I was trying to setup the database. But it breaks upon the execution of this code:

mmseqs createindex colabfold_envdb_202108_db tmp2 --remove-tmp-files 1 The error message I get is this:

MMseqs Version:          	edb8223d1ea07385ffe63d4f103af0eb12b2058e
Seed substitution matrix 	aa:VTML80.out,nucl:nucleotide.out
k-mer length             	0
Alphabet size            	aa:21,nucl:5
Compositional bias       	1
Max sequence length      	65535
Max results per query    	300
Mask residues            	1
Mask lower case residues 	0
Spaced k-mers            	1
Spaced k-mer pattern
Sensitivity              	7.5
k-score                  	seq:0,prof:0
Check compatible         	0
Search type              	0
Split database           	0
Split memory limit       	0
Verbosity                	3
Threads                  	8
Min codons in orf        	30
Max codons in length     	32734
Max orf gaps             	2147483647
Contig start mode        	2
Contig end mode          	2
Orf start mode           	1
Forward frames           	1,2,3
Reverse frames           	1,2,3
Translation table        	1
Translate orf            	0
Use all table starts     	false
Offset of numeric ids    	0
Create lookup            	0
Compressed               	0
Add orf stop             	false
Overlap between sequences	0
Sequence split mode      	1
Header split mode        	0
Strand selection         	1
Remove temporary files   	true

indexdb colabfold_envdb_202108_db colabfold_envdb_202108_db --seed-sub-mat aa:VTML80.out,nucl:nucleotide.out -k 0 --alph-size aa:21,nucl:5 --comp-bias-corr 1 --max-seq-len 65535 --max-seqs 300 --mask 1 --mask-lower-case 0 --spaced-kmer-mode 1 -s 7.5 --k-score seq:0,prof:0 --check-compatible 0 --search-type 0 --split 0 --split-memory-limit 0 -v 3 --threads 8

Target split mode. Searching through 34 splits
Estimated memory consumption: 29G
Write VERSION (0)
Write META (1)
Write SCOREMATRIX3MER (4)
Write SCOREMATRIX2MER (3)
Write SCOREMATRIXNAME (2)
Write SPACEDPATTERN (23)
Write GENERATOR (22)
Write DBR1INDEX (5)
Write DBR1DATA (6)
Write DBR2INDEX (7)
Killed
Error: indexdb died

It works fine with uniref30_2103.tar.gz file though.

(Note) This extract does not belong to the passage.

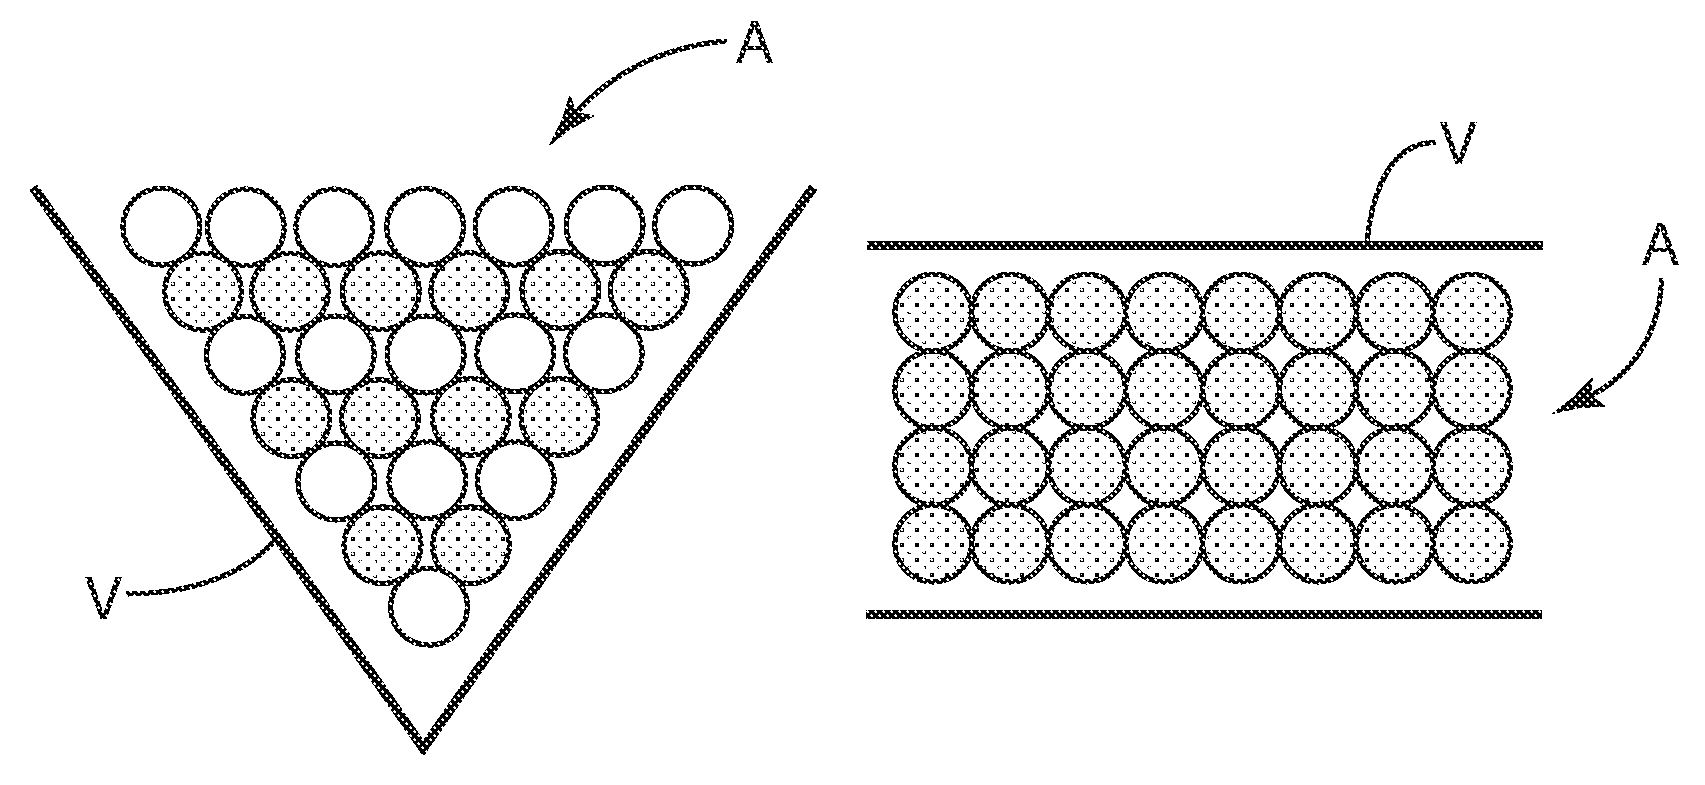 Formation of close-packed sphere arrays in V-shaped grooves

How can I resolve the problem?

G.V.

Dec 08 '21 06:12 gundalav

I assume your computer does not have enough RAM. How much RAM does your server has?

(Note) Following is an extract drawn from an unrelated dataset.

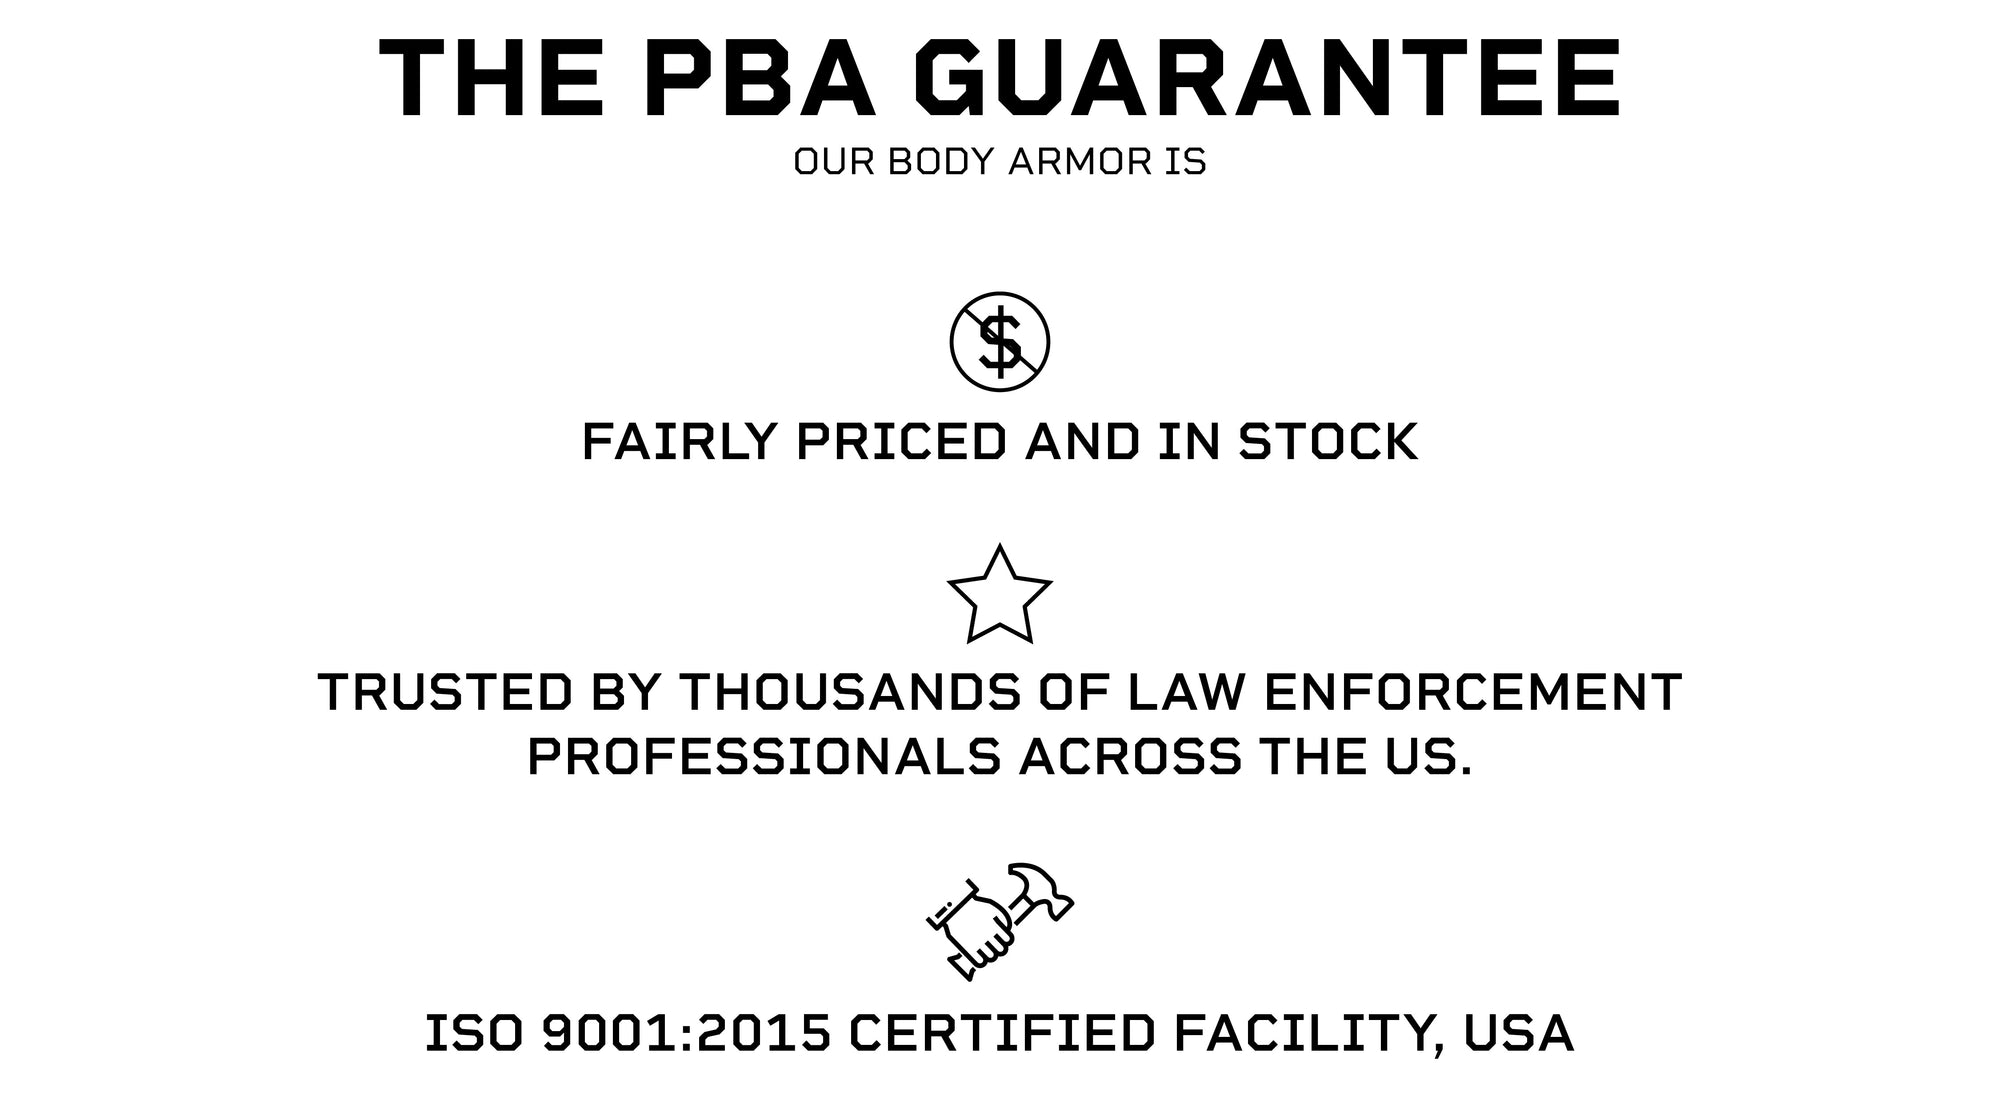 The Premier Body Armor Guarantee. Our body armor is Fairly Priced and In Stock. Trusted by thousands of Law Enforcement Professionals Across the US. Made in ISO 9001:2015 certified facility in the USA.

Dec 08 '21 07:12 martin-steinegger

I am using AWS p3.2xlarge instance. It has around 61GB RAM. Screen Shot 2021-12-08 at 16 18 50

Dec 08 '21 07:12 gundalav

Online searches: Our Colabfold server has ~760GB RAM and keeps full database and index in memory. Batch searches: To perform a batch search you require less memory. But its still approx 1 byte per residue. So I would assume you would probably require at least 90GB. We still need to figure out whats the lower bound for this database.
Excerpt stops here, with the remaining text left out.